A lightweight OpenAI-compatible SDK for routing your LLM calls through the Tokenlay proxy — enabling real-time usage tracking, spend control, and per-user limits.
Tokenlay helps developers stay profitable by enforcing usage policies and providing billing visibility — without needing to rebuild infrastructure.
npm install @tokenlay/sdk openai
openaiis a peer dependency.
import { TokenlayOpenAI } from "@tokenlay/sdk";
import OpenAI from "openai";
const openai = new TokenlayOpenAI({
providerApiKey: process.env.PROVIDER_API_KEY,
providerApiBase: process.env.PROVIDER_API_BASE,
tokenlayKey: process.env.TOKENLAY_KEY,
});
const response = await openai.chat.completions.create({
model: "gpt-3.5-turbo",
messages: [{ role: "user", content: "Hello, world!" }],
});
console.log(response.choices[0].message.content);Tokenlay supports most major LLM providers out of the box, powered by LiteLLM.
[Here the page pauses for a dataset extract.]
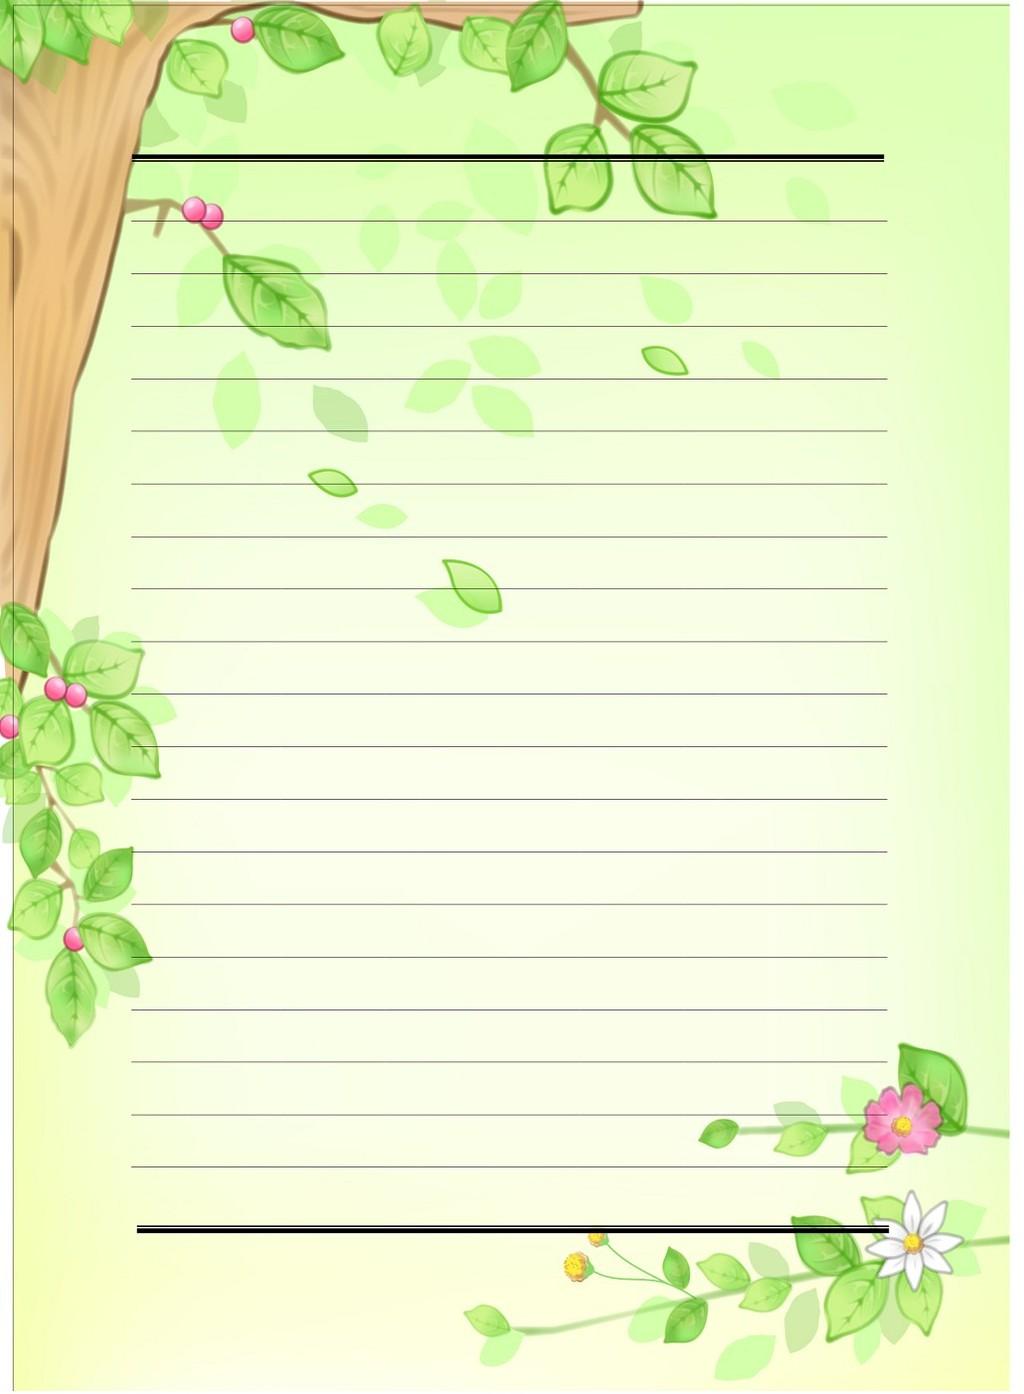 word模板 信纸背景 > 绿色树叶信纸  下一张> [版权图片]图片

Here are some common providers and example model names:
| Provider | providerApiBase |
Example Models |
|---|---|---|
| OpenAI | https://api.openai.com/v1 |
gpt-4o, o4-mini, o3 |
| Anthropic | https://api.anthropic.com/v1 |
claude-opus-4, claude-sonnet-4 |
| Mistral | https://api.mistral.ai/v1 |
mistral-large-24.11, codestral-25.01 |
| OpenRouter | https://openrouter.ai/v1 |
mistralai/mistral-7b-instruct |
| Together AI | https://api.together.xyz/v1 |
togethercomputer/llama-2-13b-chat |
For a comprehensive list of models and providers, see: → List
To enable per-user usage tracking, Tokenlay supports passing a user identifier — or any custom fields — via the extraHeaders option.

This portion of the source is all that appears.